さらに、3日に1回程度の周期で雨が降るのであれば、1週間でおよそ2回の雨のピークが現れることも説明できます。

最後に「停滞前線(梅雨前線・秋雨前線)」については、梅雨時季や秋季に現れ、長期間にわたって雨を降らせるものなので、周期的とはいえませんね。

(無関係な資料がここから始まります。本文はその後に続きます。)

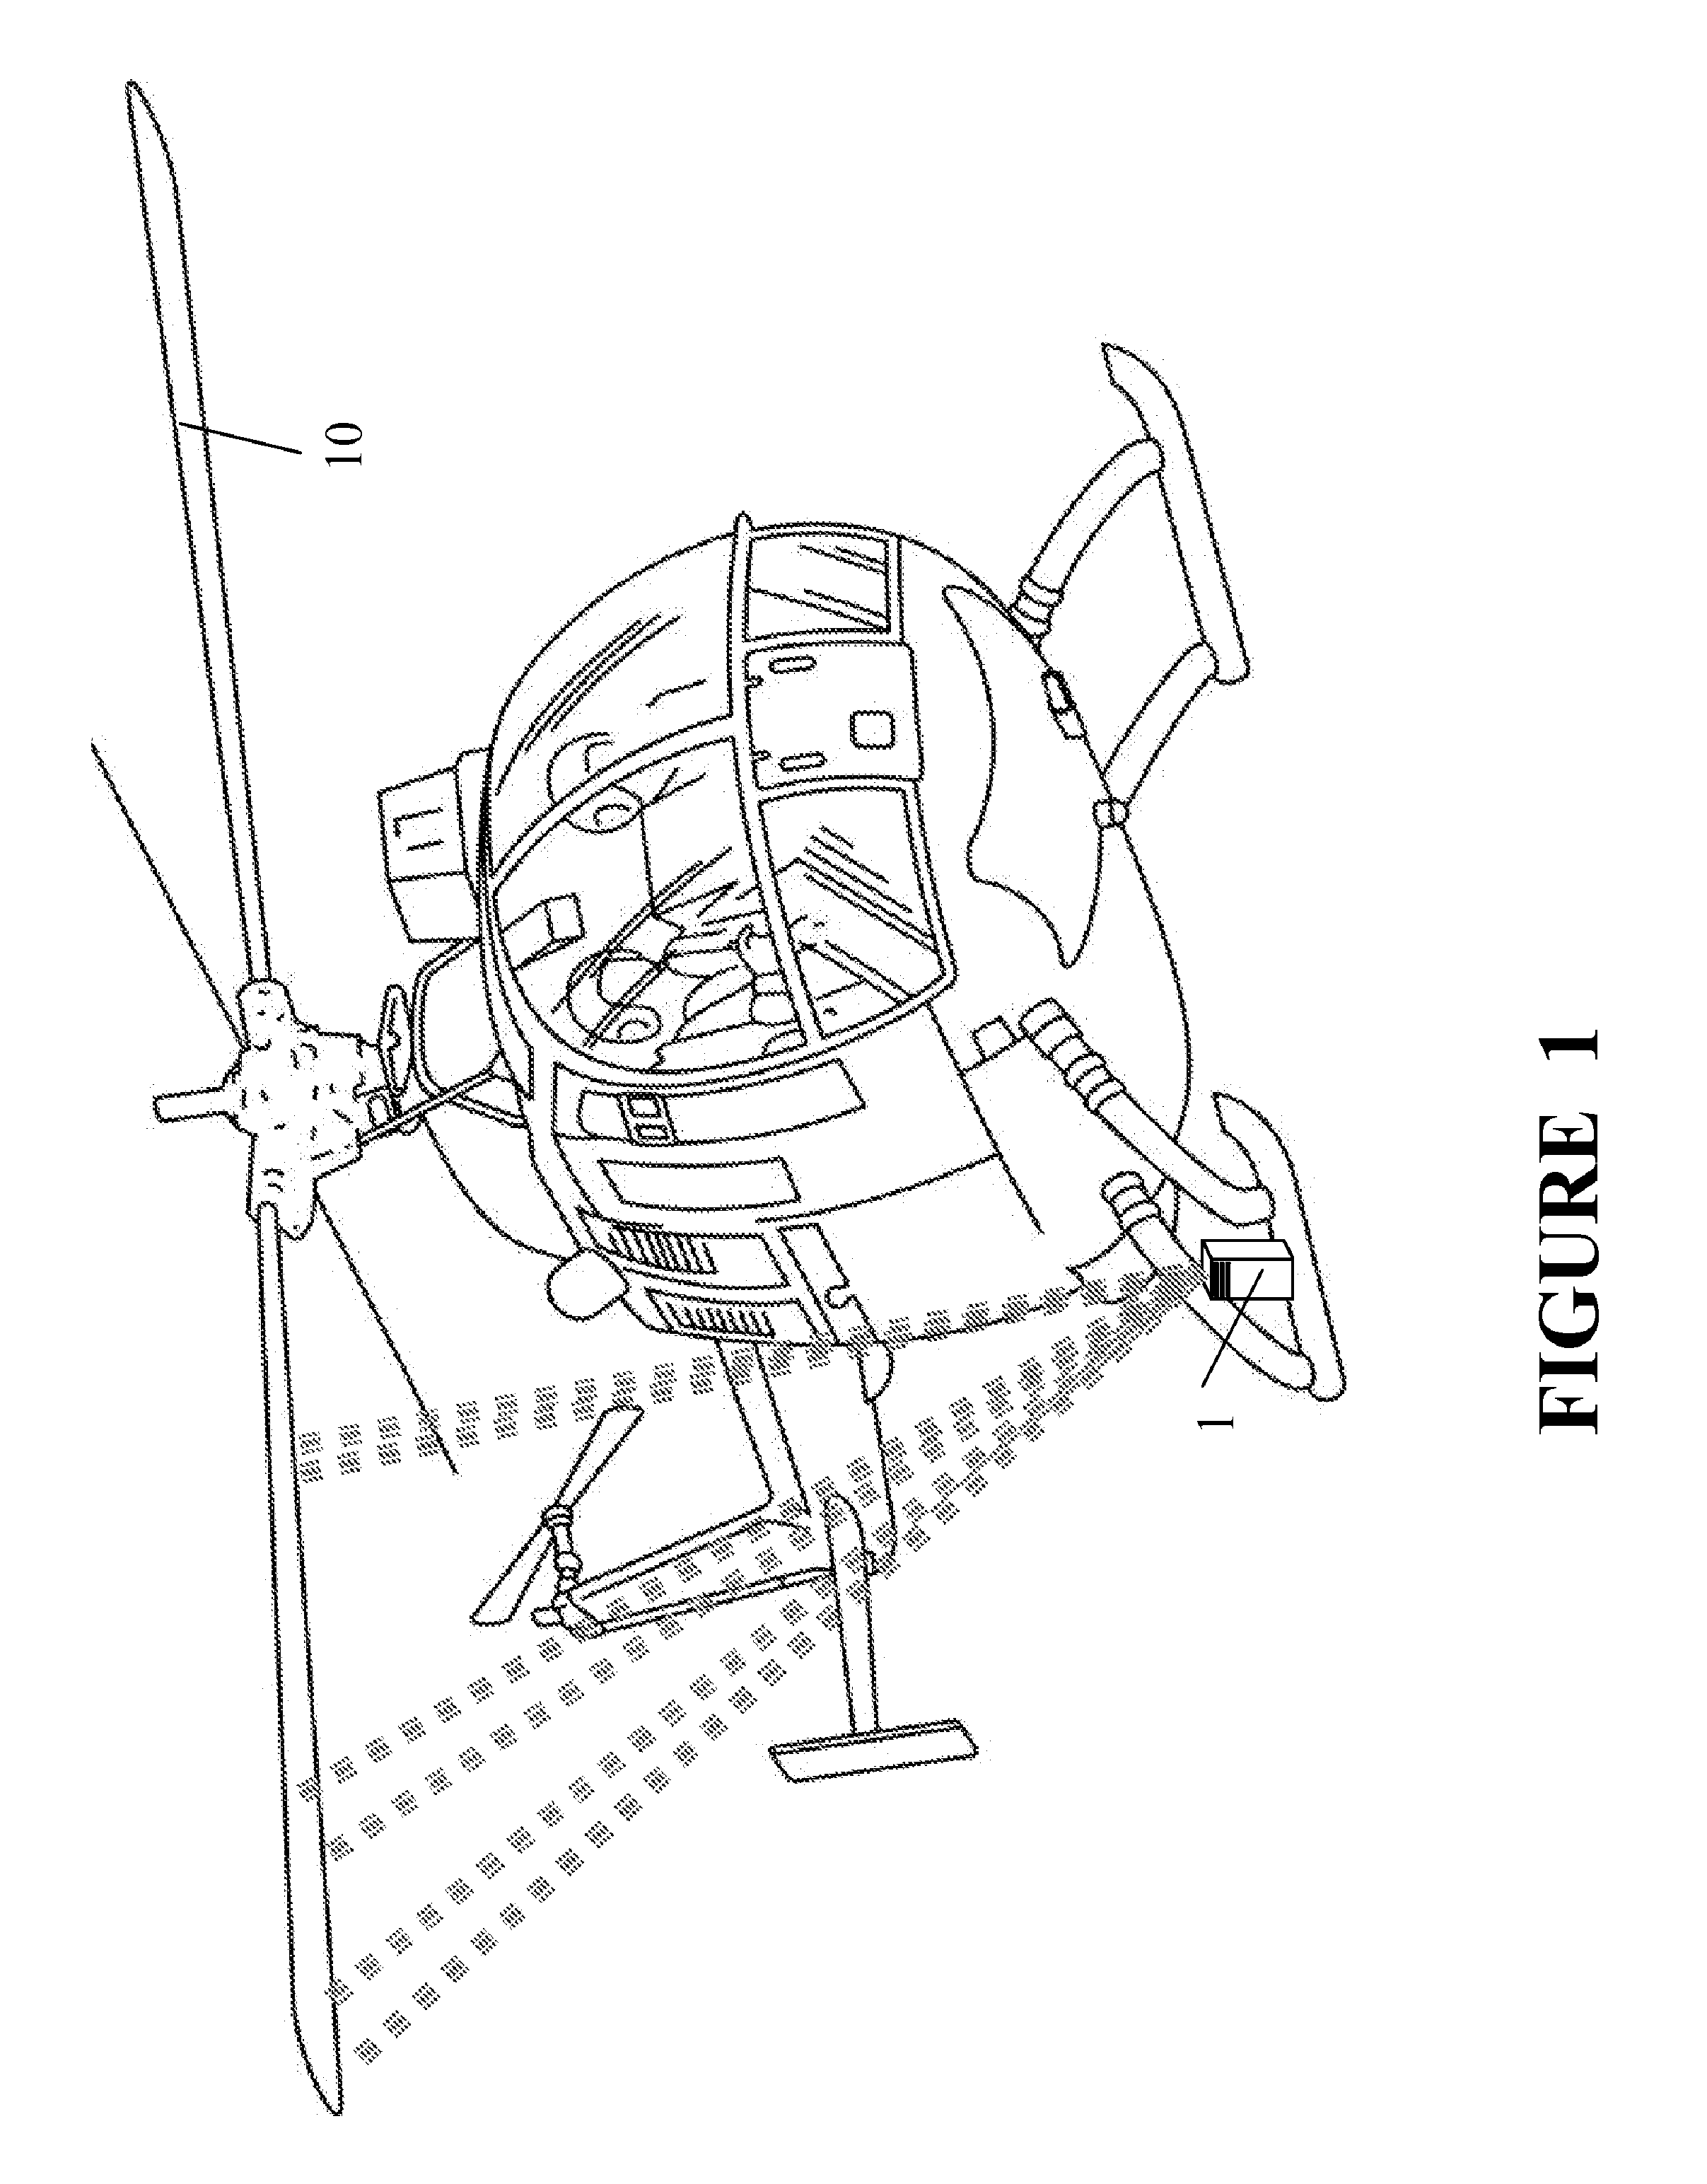 Method for displaying images and/or other information on aircraft blades

ということで、周期性を持つ現象は温帯低気圧だけです。

「週末に雨が降ることに因果関係はあるのか?」という疑問に対する答えを整理すると、

温帯低気圧が周期的に雨を降らせるために、特定の曜日に雨が集中しやすくなる。

特に九州の直近30年間では、週末に雨の周期がかかっていたことで、週末によく雨が降ると感じるようになった。

ということになるのではないでしょうか。

もちろん、週末は予定が入りやすいために当日の記憶が残りやすかった、という心理的な要素もあると思いますが、降水量の観測データからも裏付けられるとは意外な結果となりましたね。

関東のデータも調査

せっかくなので、関東地方の1都6県のデータも調べてみました。

調査内容は九州地方で行ったものと一緒ですが、改めて掲載。

○対象地点:関東1都6県の気象台(水戸・宇都宮・前橋・熊谷・東京・千葉・横浜)

○対象期間:1991年~2020年(2021年以降の平年値に対応)

○調査項目:日降水量・降水量5ミリ以上の日数・降水量0.5ミリ以上の日数(それぞれ曜日ごと)

「日降水量」

月~水曜日と土曜日にピークが現れています。

「降水量5ミリ以上の日数」

月・水・土曜日にピークが現れています。

「降水量0.5ミリ以上の日数」

月~水曜日にかけての1つのピークです。

全体をまとめると、

直近30年間の関東では、「月~水曜日付近に大きな1つのピーク、土曜日付近に2つ目ののピークがあった」

ということになります。

九州と比較すると、雨のピーク曜日がずれていますが、これは温帯低気圧が西から東へと移動していることに影響を受けたことが考えられます。

ただ、九州と同様に「2つの雨のピークが現れる」構造は同じです。

土曜日にも雨のピークが現れているので、関東在住の方も「週末は雨が多い」ことに共感するかもしれませんね。

全国的に調査してみたいところですが、集計が大変なのでいずれの機会に譲りたいと思います。